How would you replace the server/scripts/releasePhaseEnvCheck.ts script with a broken-down config?

burtonator commented 3 weeks ago

The shared lib will never be able to use any config setup because config depends on dotenv and dotenv cannot be imported on the client. So even with your broken down config this will not change.

We might not want shared to use dotenv though... That might not be worth it. However, there might be other libs that we need to get working with this.

Maybe this is a smaller issue though.

Technically could define your Zod objects separately from the config object but link them in the config object. That way you can test and we maintain the top-level object.

Possibly but our current library would have to be rewritten.
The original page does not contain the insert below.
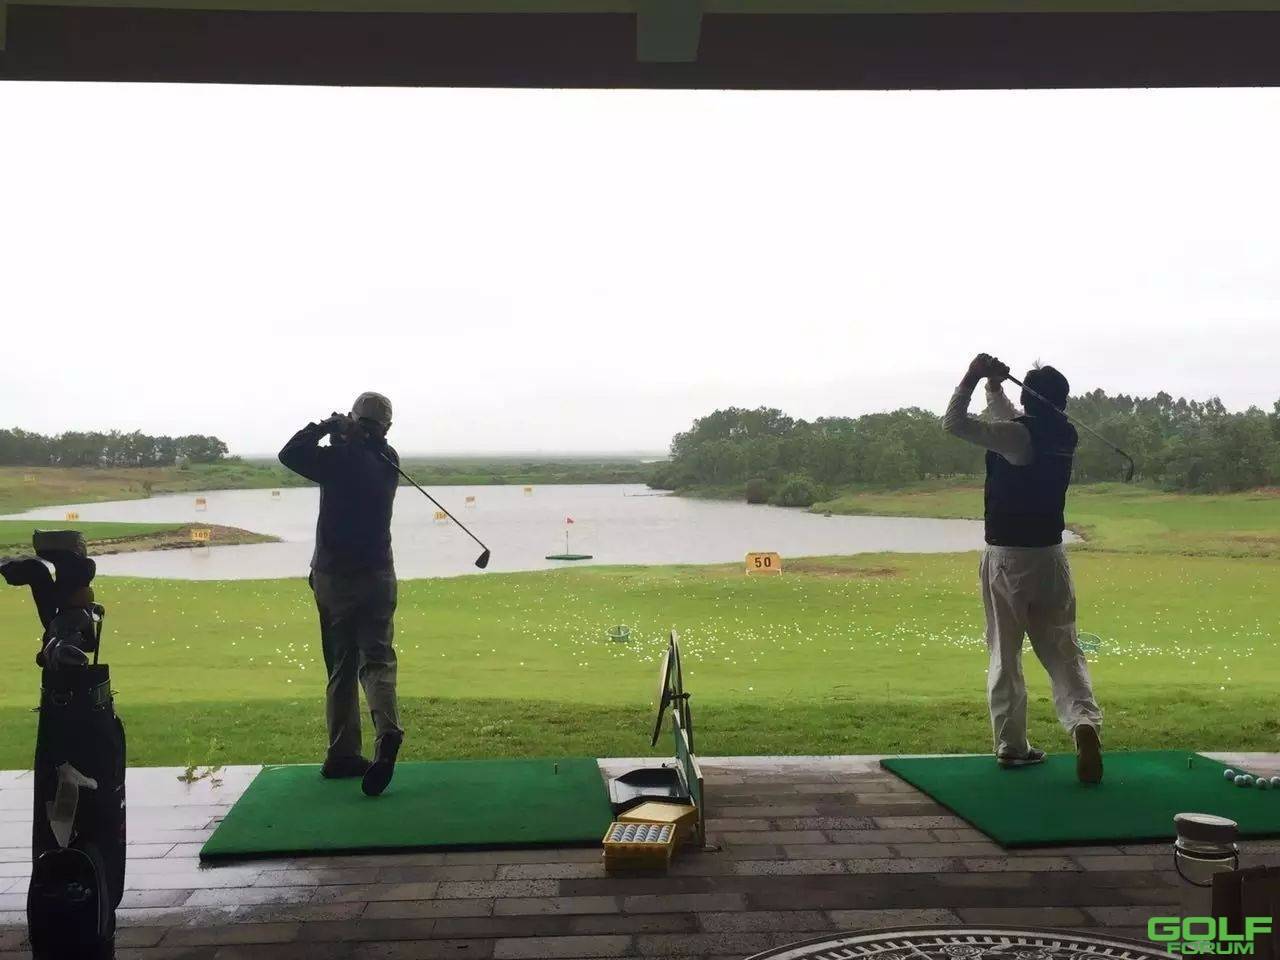 2016年古盐田高尔夫俱乐部会员邀请赛圆满落幕

This is similar to my approach though.

no refine functions

Are you sure? How are you going to define relationships between different env var like the following without refine:

const FANCY_BUTTONS_CONFIG_DISABLED_SCHEMA = z.object({
  NODE_ENV: z.literal('development').optional(),
  FANCY_BUTTONS_ENABLED: z.coerce.boolean.default(true),
});

const FANCY_BUTTONS_CONFIG_ENABLED_SCHEMA = z.object({
  NODE_ENV: z.literal('production'),
  FANCY_BUTTONS_ENABLED: z.coerce.boolean.default(false),
});

// then the config schema is a union of the two.
const FANCY_BUTTONS_CONFIG_SCHEMA = z.union([
  FANCY_BUTTONS_CONFIG_DISABLED_SCHEMA,
  FANCY_BUTTONS_CONFIG_ENABLED_SCHEMA,
]);

This basically makes FANCY_BUTTONS_ENABLED=true when in development and false when in production (unless you manually set it to true)

Isn't that the same thing as using the existing configure function but multiple times for each 'group' of env var instead of all in one place?
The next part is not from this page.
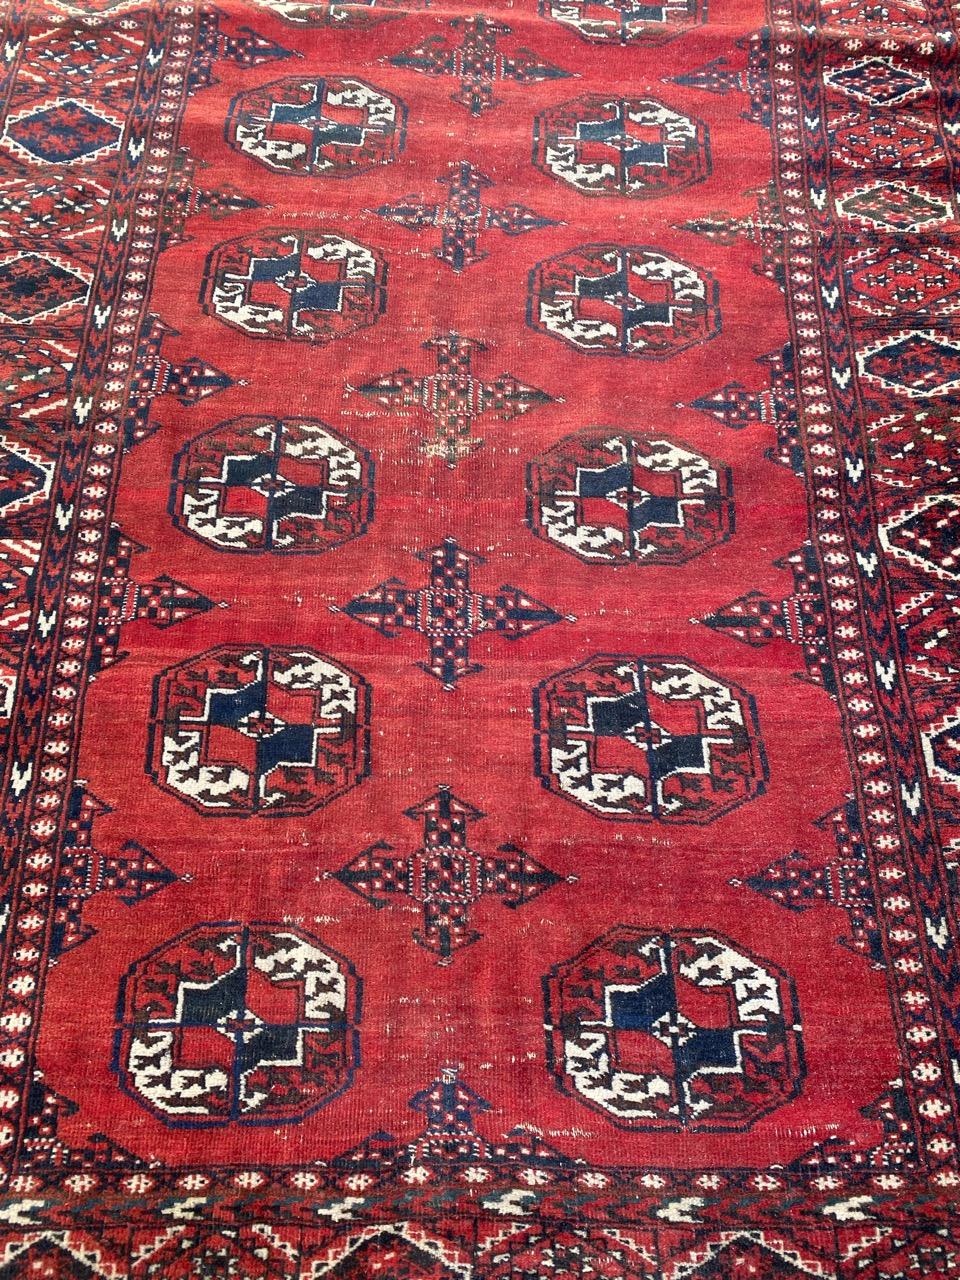 Schöner turkmenischer afghanischer Teppich mit schönem Bokhara-Muster und schönen natürlichen Farben, komplett handgeknüpft mit Wollsamt auf Wollfond.

✨✨✨

How would you replace the server/scripts/releasePhaseEnvCheck.ts script with a broken-down config?

Yeah. It would be similar. You would just hard code all of the configs and then dump them together.

timolegros commented 3 weeks ago

We might not want shared to use dotenv though

That's exactly my point i.e. trying to get env var into /shared is neither desirable nor even possible...
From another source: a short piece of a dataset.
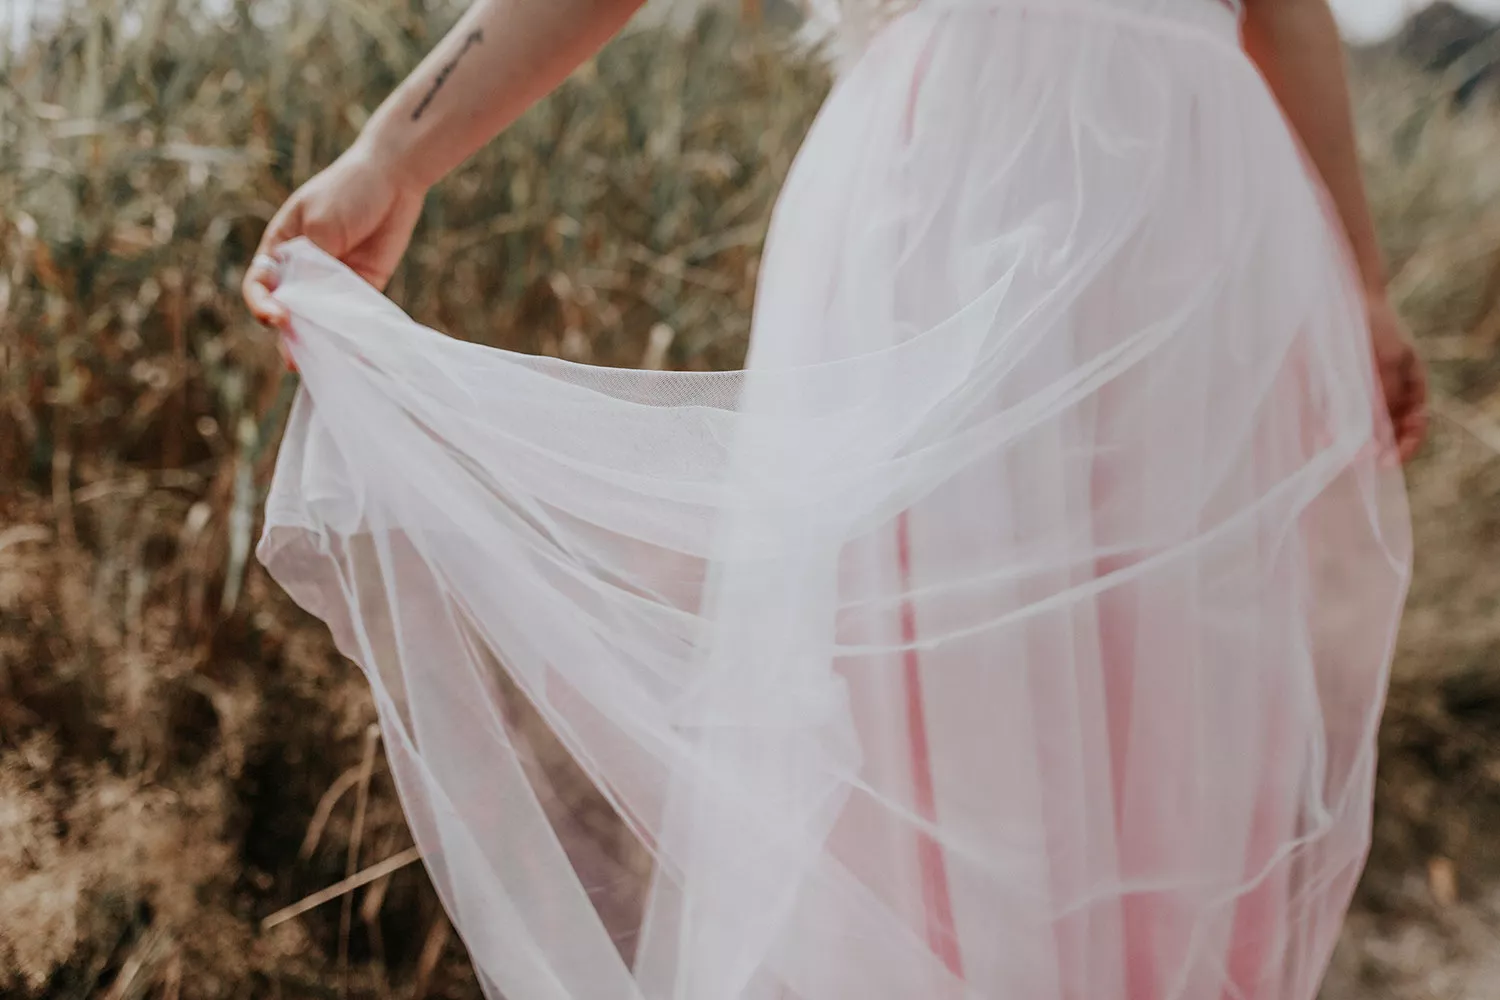 紗質婚紗樣式呈現自然浪漫飄逸感，透光更顯得潔白無瑕。

const FANCY_BUTTONS_CONFIG_DISABLED_SCHEMA = z.object({
  NODE_ENV: z.literal('development').optional(),
  FANCY_BUTTONS_ENABLED: z.coerce.boolean.default(true),
});

const FANCY_BUTTONS_CONFIG_ENABLED_SCHEMA = z.object({
  NODE_ENV: z.literal('production'),
  FANCY_BUTTONS_ENABLED: z.coerce.boolean.default(false),
});

// then the config schema is a union of the two.
const FANCY_BUTTONS_CONFIG_SCHEMA = z.union([
  FANCY_BUTTONS_CONFIG_DISABLED_SCHEMA,
  FANCY_BUTTONS_CONFIG_ENABLED_SCHEMA,
]);

This is not the same as using refine to check dependent variables defined elsewhere. Sure it works if you are careful but then every config that depends on other variables would redefine those variables e.g. A.NODE_ENV, B.NODE_ENV, C.NODE_ENV -> all potentially derived from a different source (e.g. different defaults).